The Villa Santi offers comfortable air-conditioned rooms with private facilities. (My discovery in a bedside drawer of a folded newspaper - in the Turkish language - lent a touch of mystery). The original villa was extensively remodelled by the princess and her husband in 1991 and decorated with traditional arts and antiques. In 1995 an annex built in sympathetic style was opened nearby.

After an afternoon?s sweaty homage to the glories of Buddhist religious art, settle into a carved timber chair on the balcony outside the Villa Santi's bar and restaurant, surrounded by antiques and sepia-tint photographs under a ceiling of woven cane. Gentle zephyrs filter through the latticed panels set into shuttered doors and windows; the staff, unprompted, will train the nearest fan on you - reward them with simply a heartfelt khawp jai, thank you. Sip a Return of the Dragon, a rich concoction of rice wine and perhaps Campari - at a dollar a throw.

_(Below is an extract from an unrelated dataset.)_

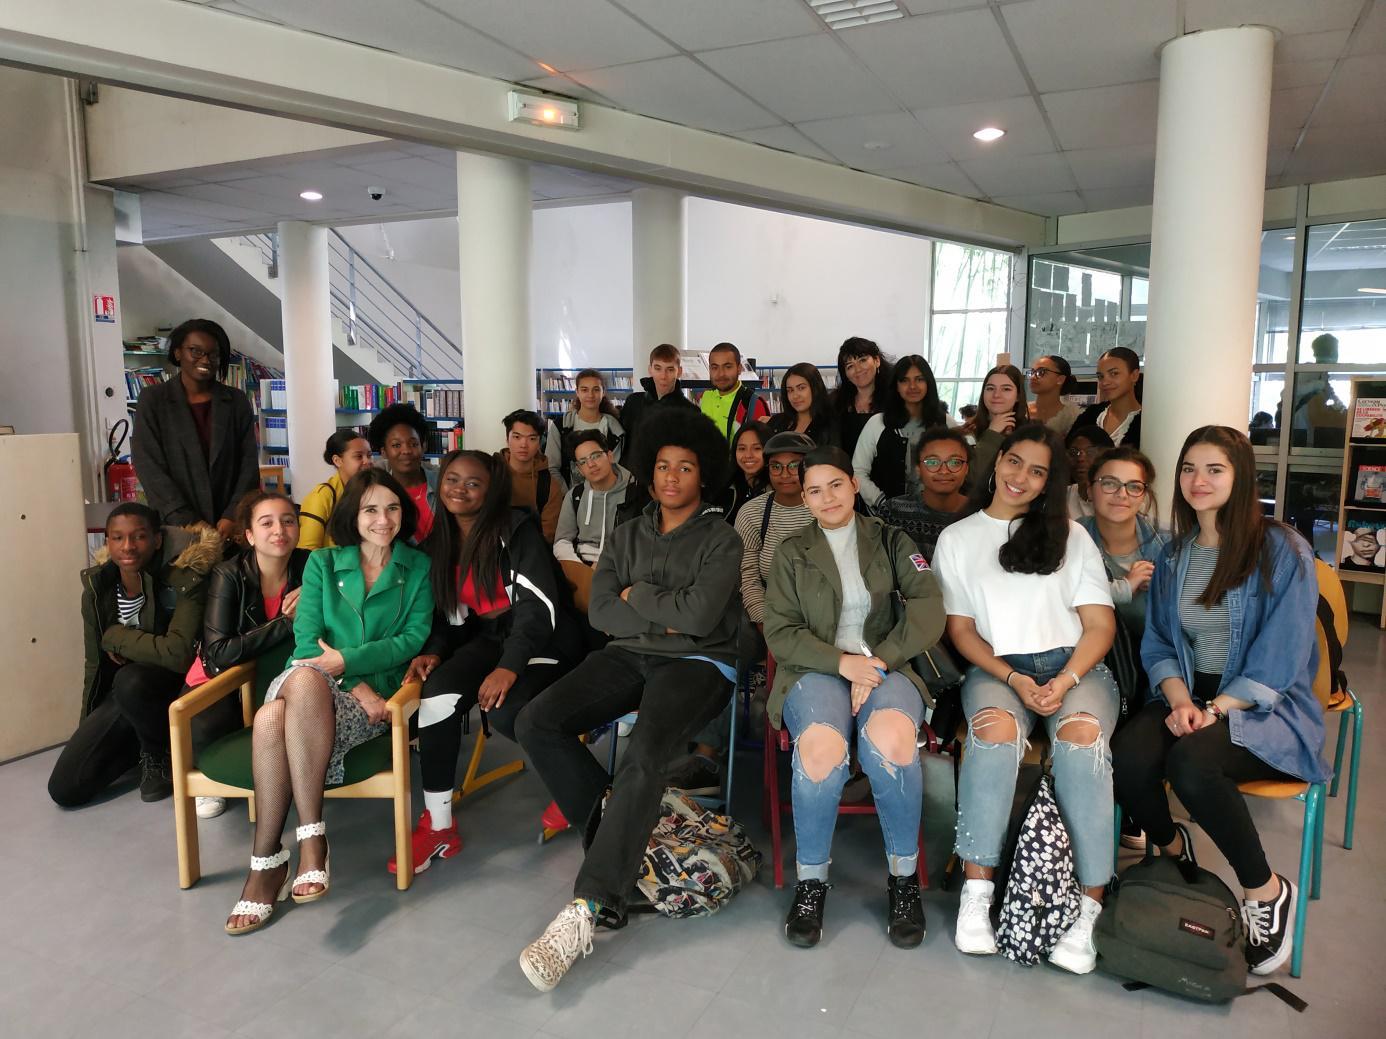 Rencontre littéraire : Natalia Ginzburg au lycée Suger !
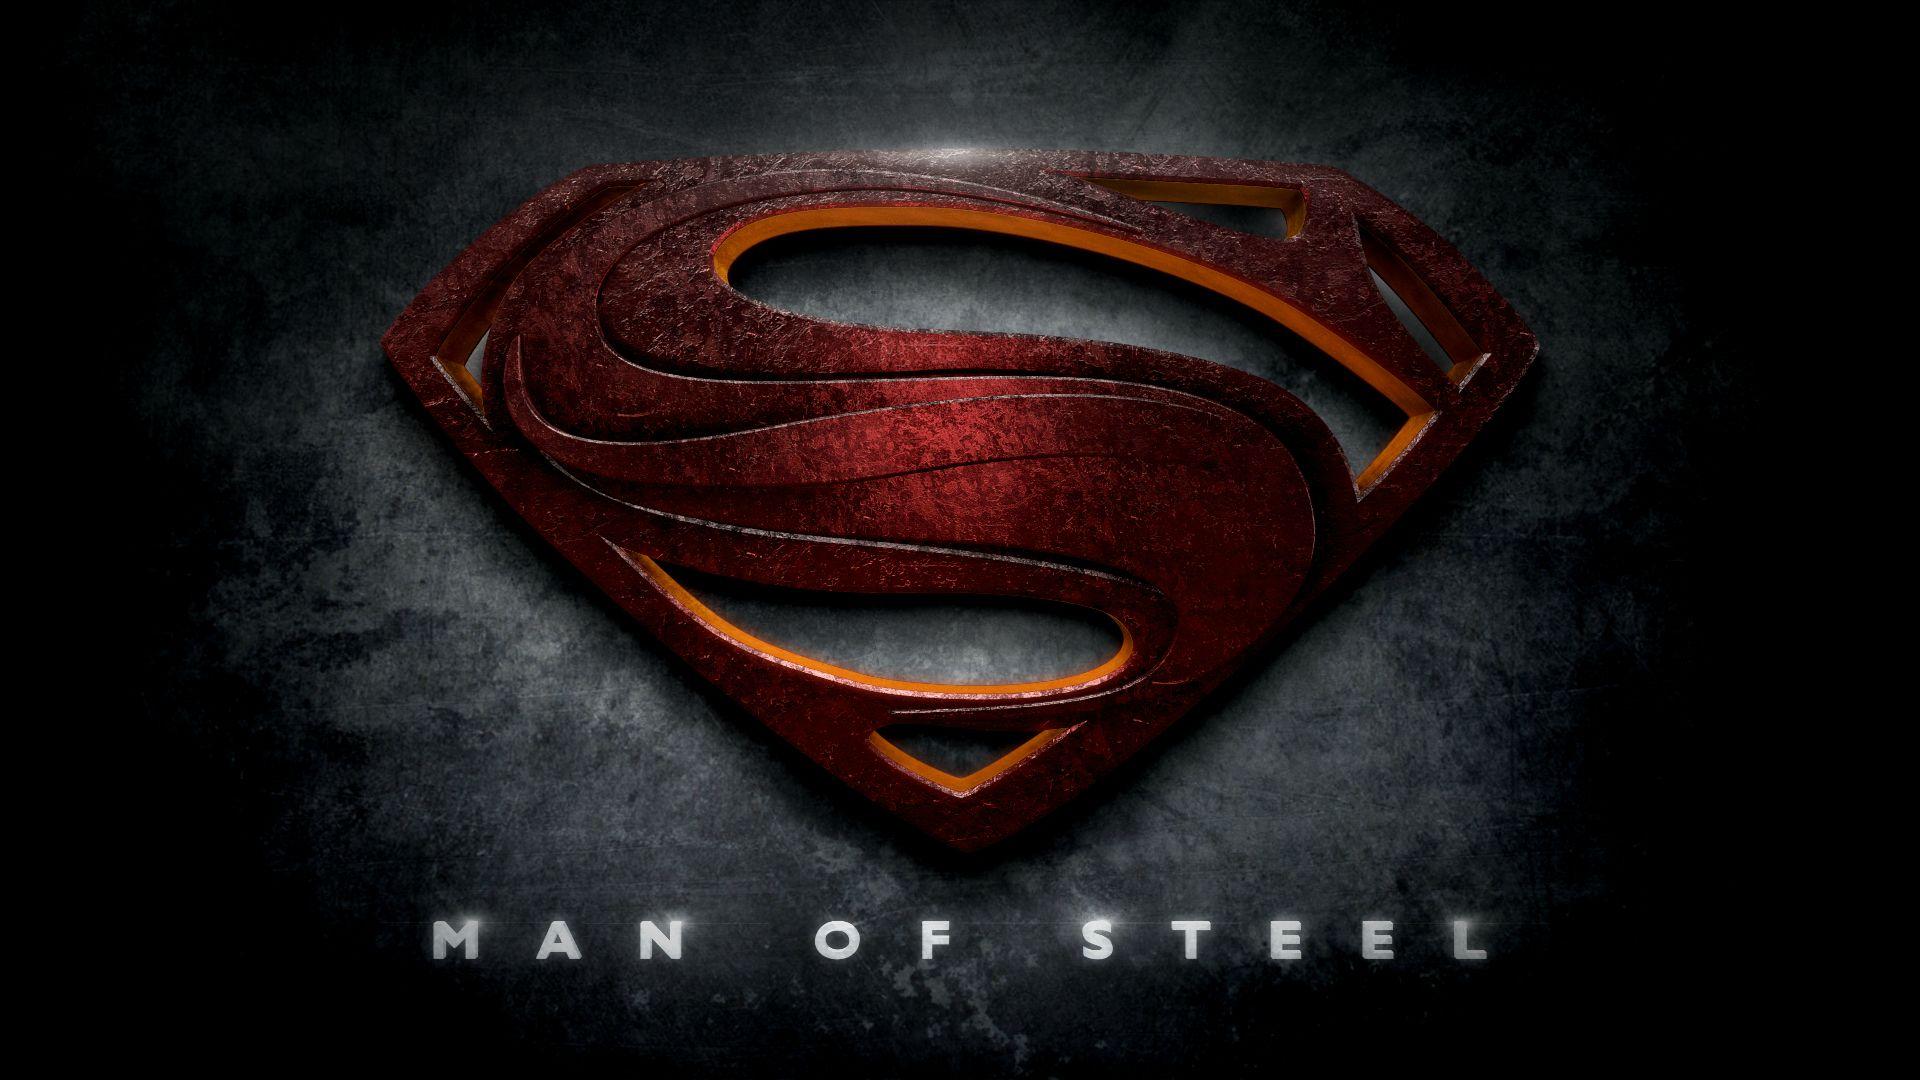 Superman-Man-of-Steel-Logo-Imgur.jpeg

Equally pleasant is to savour a bottle of Beer Lao on a terrace bar high above the Mekong as the sun drops behind the blue-black clouds.

Across town, Malee's Lao Food Restaurant serves fried chicken with slabs of ginger, spicy salad tossed with peanuts and steamed fish adorned with eggplant, morning glory or even 'Mekong weed' - that's not a narcotic, but a form of watercress.

You might rather eat at the night market stalls by the ferry landing, snacking on marinated jerky, glistening pork sausages, chili-laced tom yam soups, char-grilled whole fish or chicken wings; or choose from pyramids of green-tinged oranges, apple green unripe papaya, mulberry-colored mangosteen, bristling red rambutan, diagonally-carved pineapples or stumpy lady-finger bananas, all under the harsh glare of naked lamps.

Markets are the focal points of the city, as elsewhere in Asia. The sprawling morning market is stocked with housewares and trinklets, plus a selection of woven fabrics. Turbanned, black-trousered figures picking between the stalls are hilltribe Hmong people whose villages huddle just outside town.

'Wet' markets offer the full gamut of rural Lao cuisine: succulent bamboo shoots; tiny mottled frogs hopping in wicker baskets, huge beetles gleaming a deep iridescent red and tied up in clusters; water buffalo blood congealed into tofu-sized blocks; entire small fowl, plucked from head to tail. Oh, and the lotus, a strange woody plant whose marble-sized seeds are pushed through the pith and taste pretty much like unripe peas. More tempting is the French legacy of freshly-baked golden baguettes.

Fact File

Thailand's new carrier Angel Air flies from Bangkok to Luang Prabang. 'Respectable' visitors are issued visas on arrival at the airport for US$50, payable only in cash.

Best (and busiest) times to visit Luang Prabang are in April, when boat races on the Mekong commemorate Pimai, the Lao Lunar New Year and during the December - January cool season. Lao Aviation's frequent Vientiane - Luang Prabang flights cost US$60 one way, but safety standards are uncertain...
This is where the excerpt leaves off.